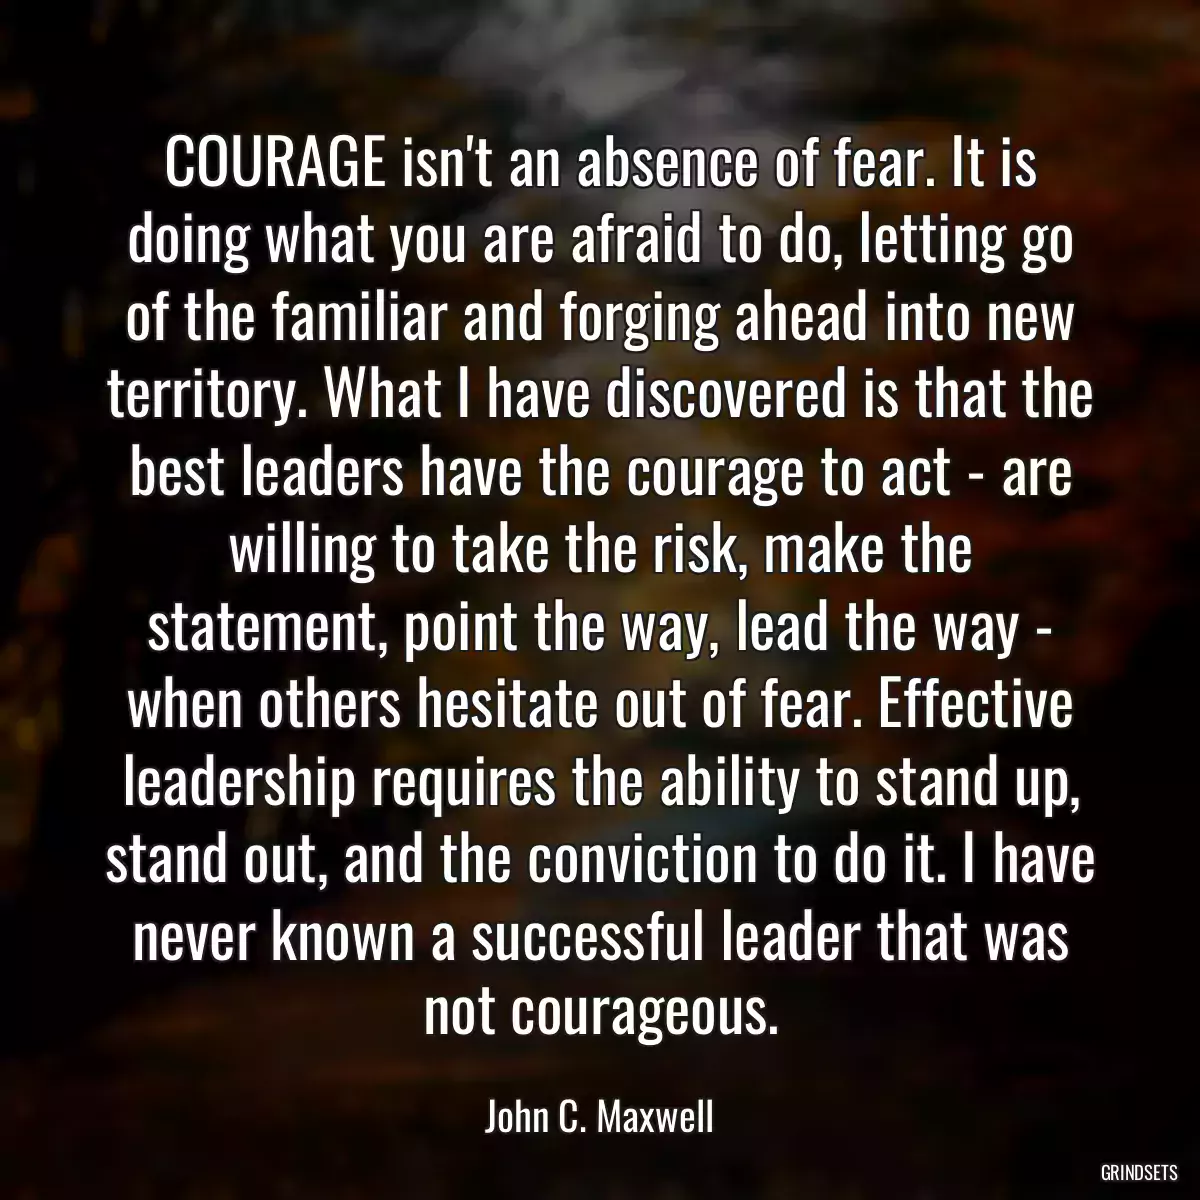 COURAGE isn\'t an absence of fear. It is doing what you are afraid to do, letting go of the familiar and forging ahead into new territory. What I have discovered is that the best leaders have the courage to act - are willing to take the risk, make the statement, point the way, lead the way - when others hesitate out of fear. Effective leadership requires the ability to stand up, stand out, and the conviction to do it. I have never known a successful leader that was not courageous.
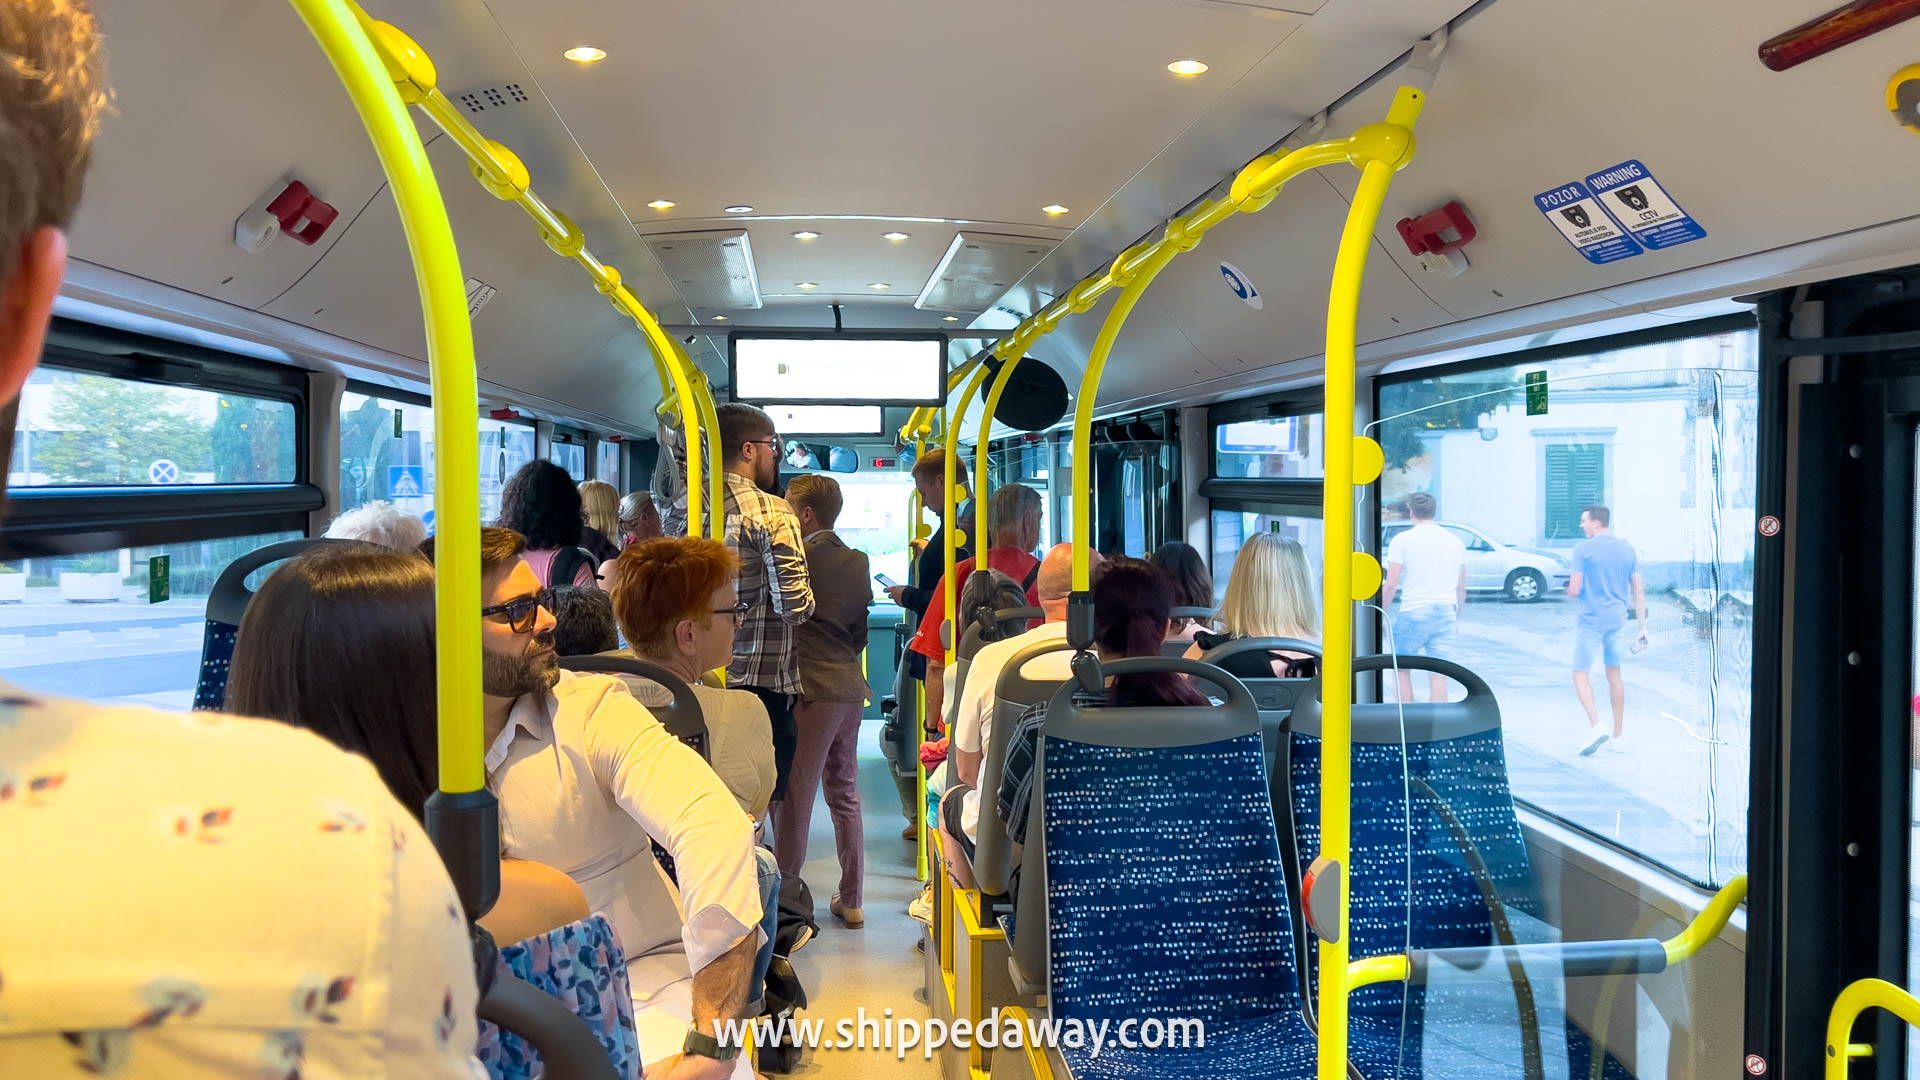 Dubrovnik Pass - Dubrovnik Pass Review - Dubrovnik Card - Is Dubrovnik Pass worth it - free bus with Dubrovnik Pass
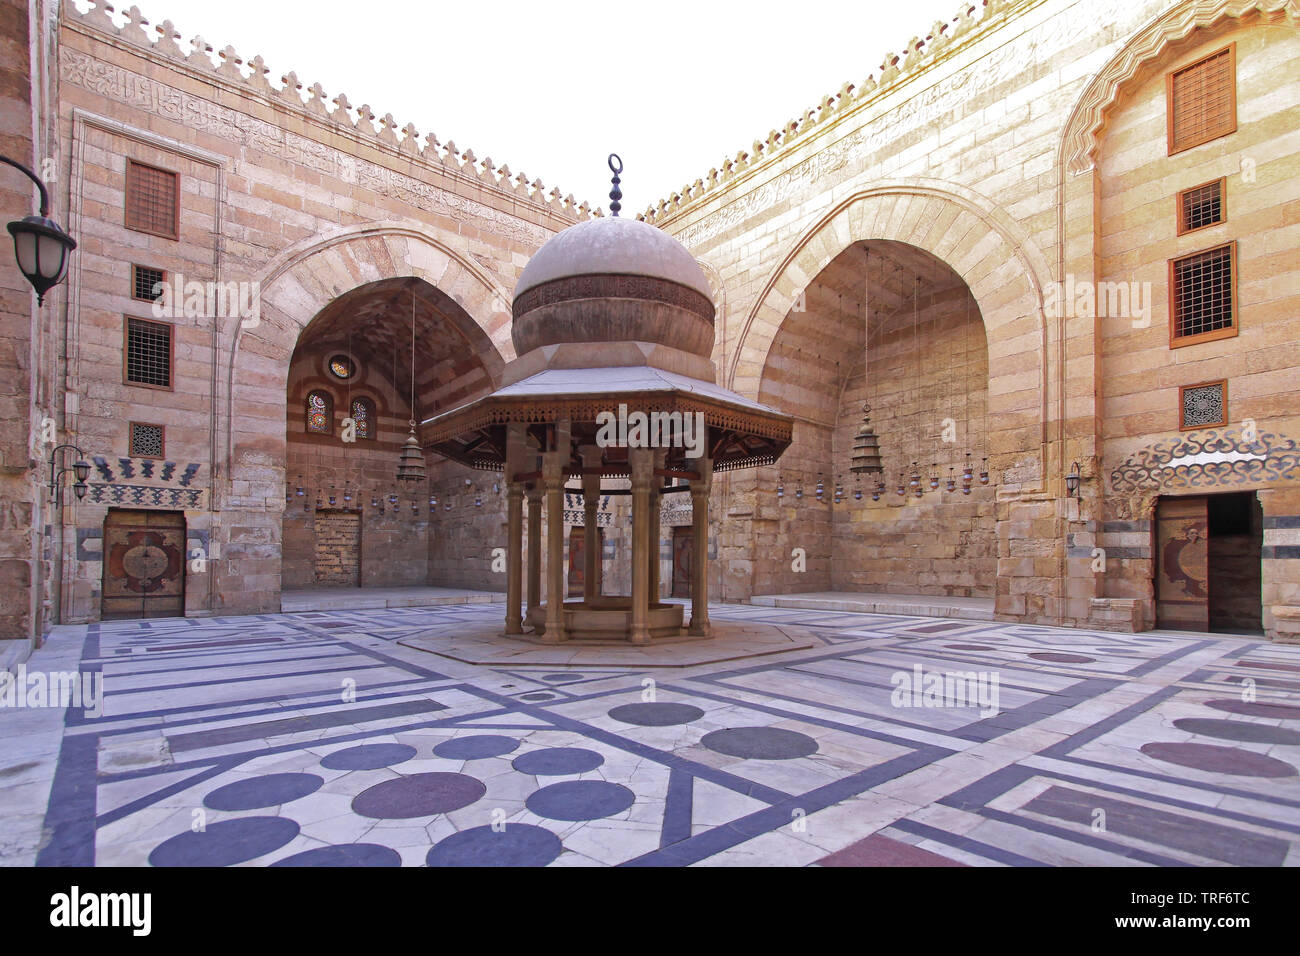 Cairo, Egypt - March 01, 2010: Ablutions Fountain in Courtyard of Sultan Barquq Mosque at Qalawun Complex in Cairo, Egypt. Stock Photo

WHAT IS EXPECTED
Type out the data above again exactly as written, minus the images.

SOLUTION BELOW
 COURAGE isn\'t an absence of fear. It is doing what you are afraid to do, letting go of the familiar and forging ahead into new territory. What I have discovered is that the best leaders have the courage to act - are willing to take the risk, make the statement, point the way, lead the way - when others hesitate out of fear. Effective leadership requires the ability to stand up, stand out, and the conviction to do it. I have never known a successful leader that was not courageous.
 Dubrovnik Pass - Dubrovnik Pass Review - Dubrovnik Card - Is Dubrovnik Pass worth it - free bus with Dubrovnik Pass
 Cairo, Egypt - March 01, 2010: Ablutions Fountain in Courtyard of Sultan Barquq Mosque at Qalawun Complex in Cairo, Egypt. Stock Photo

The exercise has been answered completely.